NOTE: These instructions were tested with 0.1.40. The 0.1.X version changes introduce breaking changes and instructions may need to be updated for newer versions. To download 0.1.40, you can download the binary from here

2. Launch the EKS cluster with eksctl.

This will create the EKS cluster (the master nodes). This may take 20+ minutes.

eksctl create cluster -f cluster_config.yaml --auto-kubeconfig
Command Output

$ eksctl create cluster -f cluster_config.yaml --auto-kubeconfig
[ℹ]  using region us-east-1
[✔]  using existing VPC (vpc-f6570b8d) and subnets (private:[] public:[subnet-58b35b04 subnet-b440b9d3 subnet-21ac2f2e])
[!]  custom VPC/subnets will be used; if resulting cluster doesn't function as expected, make sure to review the configuration of VPC/subnets
[ℹ]  using Kubernetes version 1.13
[ℹ]  creating EKS cluster "armand-demo-cluster" in "us-east-1" region
[ℹ]  will create a CloudFormation stack for cluster itself and 0 nodegroup stack(s)
[ℹ]  if you encounter any issues, check CloudFormation console or try 'eksctl utils describe-stacks --region=us-east-1 --name=armand-demo-cluster'
[ℹ]  1 task: { create cluster control plane "armand-demo-cluster" }
[ℹ]  building cluster stack "eksctl-armand-demo-cluster-cluster"
[ℹ]  deploying stack "eksctl-armand-demo-cluster-cluster"
[✔]  all EKS cluster resource for "armand-demo-cluster" had been created
[✔]  saved kubeconfig as "/Users/armanmcq/.kube/eksctl/clusters/armand-demo-cluster"
[ℹ]  kubectl command should work with "/Users/armanmcq/.kube/eksctl/clusters/armand-demo-cluster", try 'kubectl --kubeconfig=/Users/armanmcq/.kube/eksctl/clusters/armand-demo-cluster get nodes'
[✔]  EKS cluster "armand-demo-cluster" in "us-east-1" region is ready

More Details

3. Launch the the worker nodes with eksctl. This will launch the EC2 instances and connect them to the k8s cluster.

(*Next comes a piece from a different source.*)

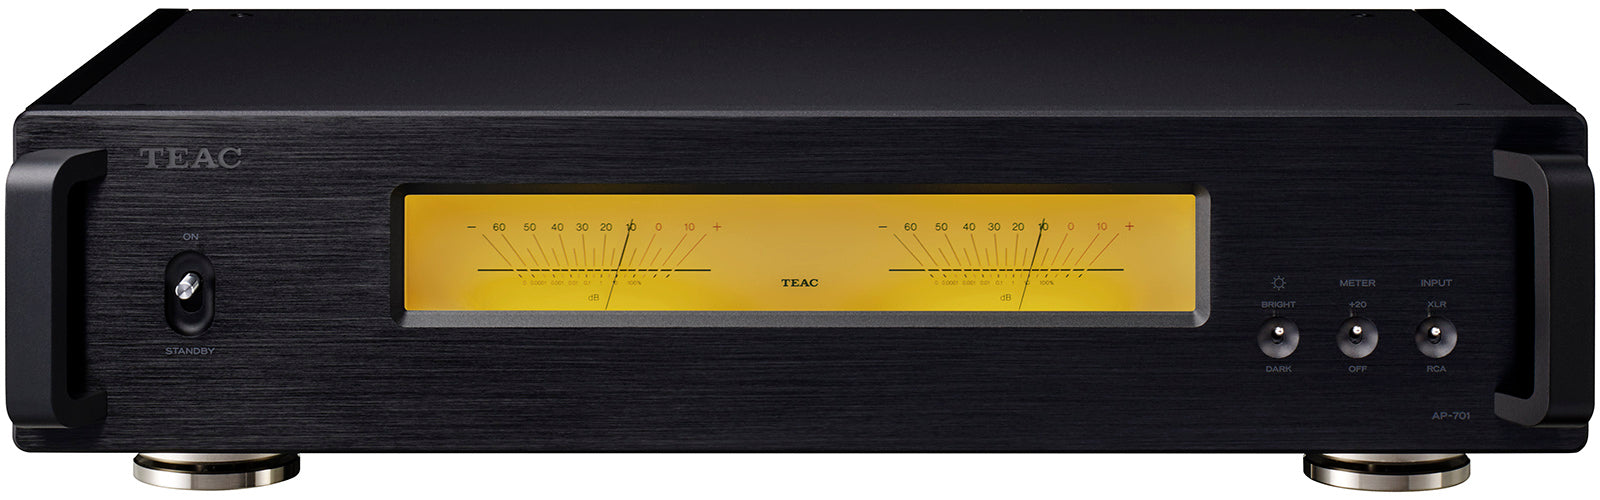 Teac AP-701 power amplifier

eksctl create nodegroup -f nodegroup_config.yaml
Command Output

$ eksctl create nodegroup -f nodegroup_config.yaml
[ℹ]  using region us-east-1
[ℹ]  will use version 1.13 for new nodegroup(s) based on control plane version
[ℹ]  nodegroup "nodegroup-p3dn" will use "ami-0017d945a10387606" [AmazonLinux2/1.13]
[ℹ]  using EC2 key pair "us-east-1-armanmcq-tf-neo"
[ℹ]  1 nodegroup (nodegroup-p3dn) was included
[ℹ]  will create a CloudFormation stack for each of 1 nodegroups in cluster "armand-demo-cluster"
[ℹ]  1 task: { create nodegroup "nodegroup-p3dn" }
[ℹ]  building nodegroup stack "eksctl-armand-demo-cluster-nodegroup-nodegroup-p3dn"
[ℹ]  --nodes-min=4 was set automatically for nodegroup nodegroup-p3dn
[ℹ]  --nodes-max=4 was set automatically for nodegroup nodegroup-p3dn
[ℹ]  deploying stack "eksctl-armand-demo-cluster-nodegroup-nodegroup-p3dn"
[ℹ]  adding role "arn:aws:iam::578276202366:role/eksctl-armand-demo-cluster-nodegr-NodeInstanceRole-LIO93J931ALY" to auth ConfigMap
[ℹ]  nodegroup "nodegroup-p3dn" has 0 node(s)
[ℹ]  waiting for at least 4 node(s) to become ready in "nodegroup-p3dn"
[ℹ]  nodegroup "nodegroup-p3dn" has 4 node(s)
[ℹ]  node "ip-172-31-1-72.ec2.internal" is ready
[ℹ]  node "ip-172-31-15-97.ec2.internal" is ready
[ℹ]  node "ip-172-31-3-4.ec2.internal" is ready
[ℹ]  node "ip-172-31-8-106.ec2.internal" is ready
[ℹ]  as you are using a GPU optimized instance type you will need to install NVIDIA Kubernetes device plugin.
[ℹ]      see the following page for instructions: https://github.com/NVIDIA/k8s-device-plugin
[✔]  created 1 nodegroup(s) in cluster "armand-demo-cluster"
[ℹ]  checking security group configuration for all nodegroups
[ℹ]  all nodegroups have up-to-date configuration

More Details

  • eksctl calls this a nodegroup. You could have multiple nodegroup - one with GPU instances, another with CPU instances for example.
  • You can do this as part of the eksctl create cluster step by adding the nodegroup_config.yaml info to cluster_config.yaml.

3. Set the KUBECONFIG

The kubeconfig file holds information and credentials for your cluster(s). You need to tell kubectl to use the kubeconfig for the cluster we just created by setting the KUBECONFIG environment variable.

export KUBECONFIG=~/.kube/eksctl/clusters/armand-demo-cluster
More Details

  • Process would be different if we were not using --auto-kubeconfig. If you store info for multiple cluster on the main kubeconfig file (~/.kube/config), you will need to use the kubectl config command.

4. Install NVIDIA device plugin

This tells enables GPU support in k8s.

kubectl create -f https://raw.githubusercontent.com/NVIDIA/k8s-device-plugin/1.0.0-beta/nvidia-device-plugin.yml
More Details

  • This is a DaemonSet that runs on each node. It allows you to automatically:
    • Expose the number of GPUs on each nodes of your cluster
    • Keep track of the health of your GPUs
    • Run GPU enabled containers in your Kubernetes cluster.
  • https://github.com/NVIDIA/k8s-device-plugin

4. Set up FSx for Lustre

We will be storing data and logs on on FSx.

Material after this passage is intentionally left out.